Notonthehighstreet boss warns online sales tax would be a mistake
The boss of personalised gift retailer notonthehighstreet has warned any Budget move to impose an online sales tax would be a “mistake” and penalise small firms already battered by the pandemic.
Claire Davenport, chief executive of the online curated marketplace, said it would come at the worst time for small business owners, with many having shifted online due to the pandemic or set up internet ventures after losing their jobs in the crisis.
The group saw its community of hand-picked small business sellers rise four-fold in 2020 as e-commerce became a lifeline for many firms and entrepreneurs.
Ms Davenport’s comments come amid a widening split in the retail industry over the potential introduction of an online sales tax as reports suggest the Chancellor is looking at how the levy could work in the UK ahead of his March 3 Budget.
Some are calling for the tax to replace the outdated and highly criticised business rates system and help level the playing field with internet retail giants.
This has been brought to the fore by the pandemic, which has hammered bricks-and-mortar chains.

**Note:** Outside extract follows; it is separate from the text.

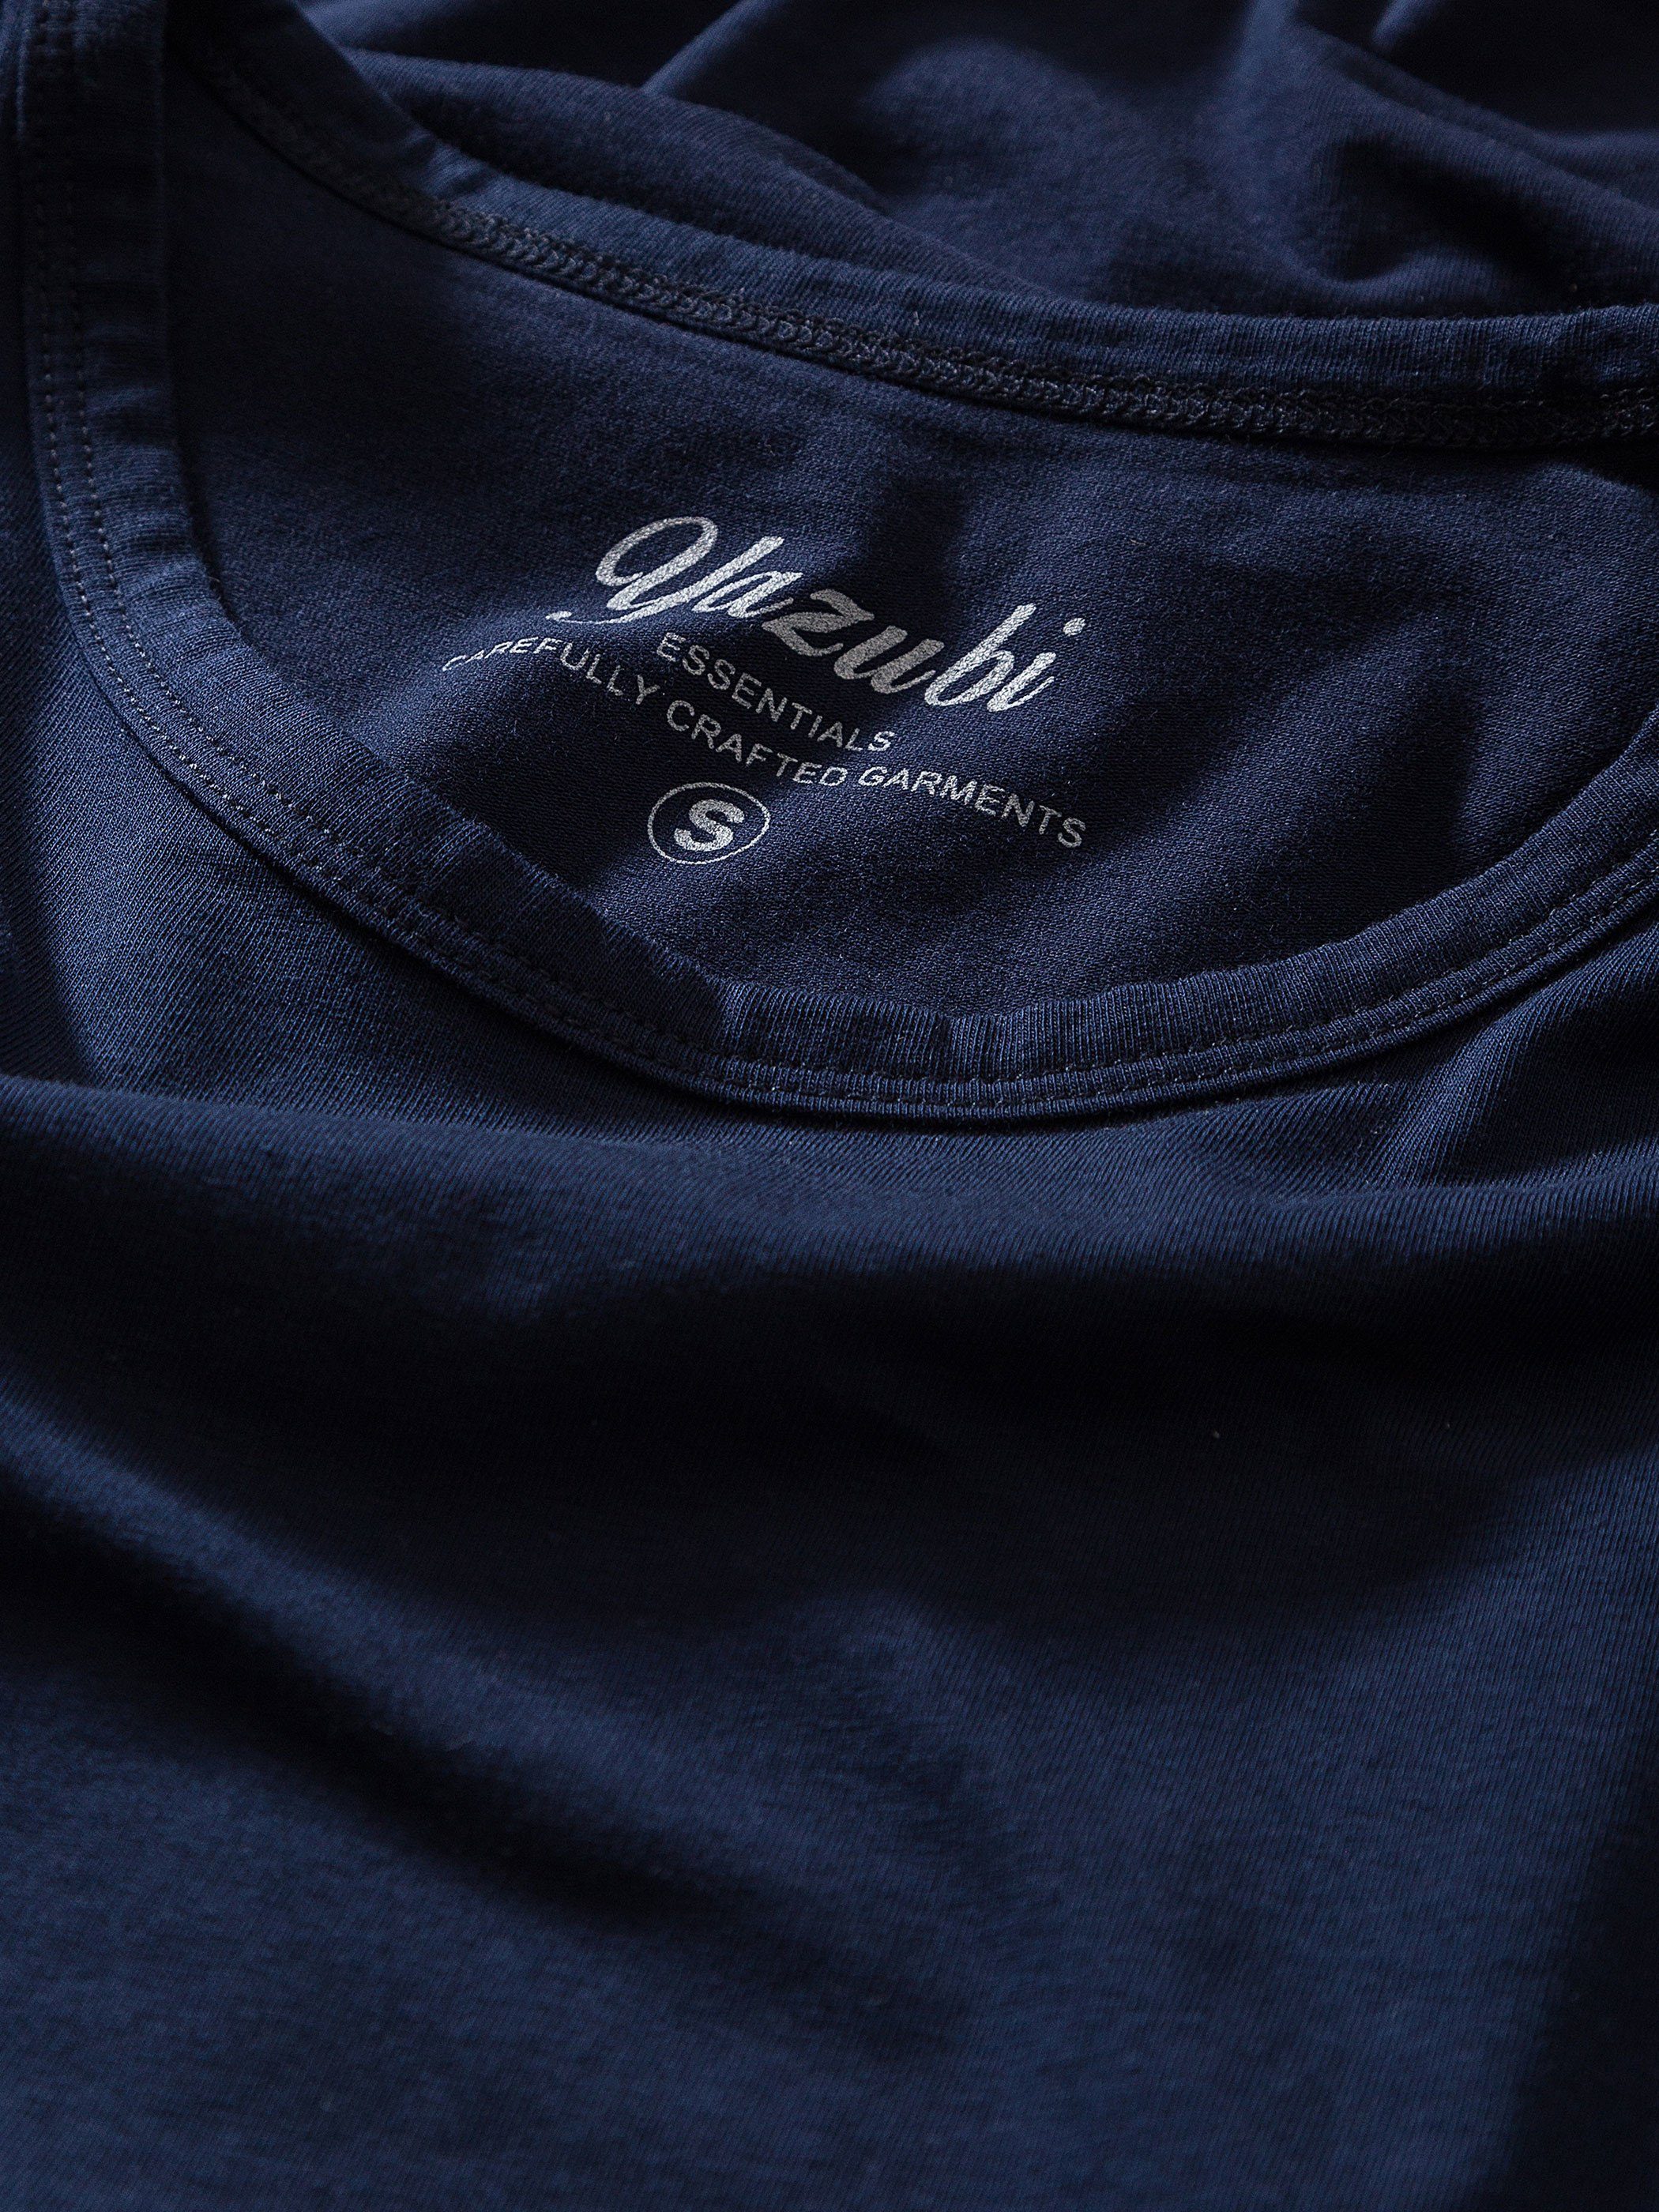 sapphire Yazubi modernes Rundhalsshirt Basic Yazubi Tee Neck Blau Crew 194020) - T-Shirt (1-tlg) Mythic (dark

But others fear it will stifle a burgeoning industry that will help the economy recover from Covid-19.
Speaking to the PA news agency, Ms Davenport said: “My own view is that it’s a mistake.
“A lot of small businesses have spent the past year trying to get online and set up their businesses – people who didn’t run a business before or have had to pivot because they’ve needed to go online.
“You don’t want to get in the way of people doing that.
“Penalising small businesses that are trying to follow a trend that’s happening in the market is not right.”
Notonthehighstreetm, which was founded in 2006, saw a 50% surge in applications from sellers last year, with a 78% increase in May.
It also added nearly another million new customers in 2020 as online retail boomed with swathes of the high street shut due to Covid-19 restrictions.
Rather than hitting small businesses with online levies, she said the Budget should instead look to offer more support to entrepreneurs and sole traders and help small businesses “get started and scale up”.
Notonthehighstreet has expanded to match the growing demand, taking on another 77 employees last year and almost doubling its product and technology team.
It was bought in early February by US private equity firm Great Hill Partners, which has backed firms including home furnishings retailer Wayfair and digital travel group Momondo.
The retailer wants to further boost the number of sellers and widen ranges across homewares and garden products, as well as food and drink – which saw combined sales double last year.
The group is based in Richmond, south-west London, and has some 3.6 million customers and more than 5,000 sellers on its market.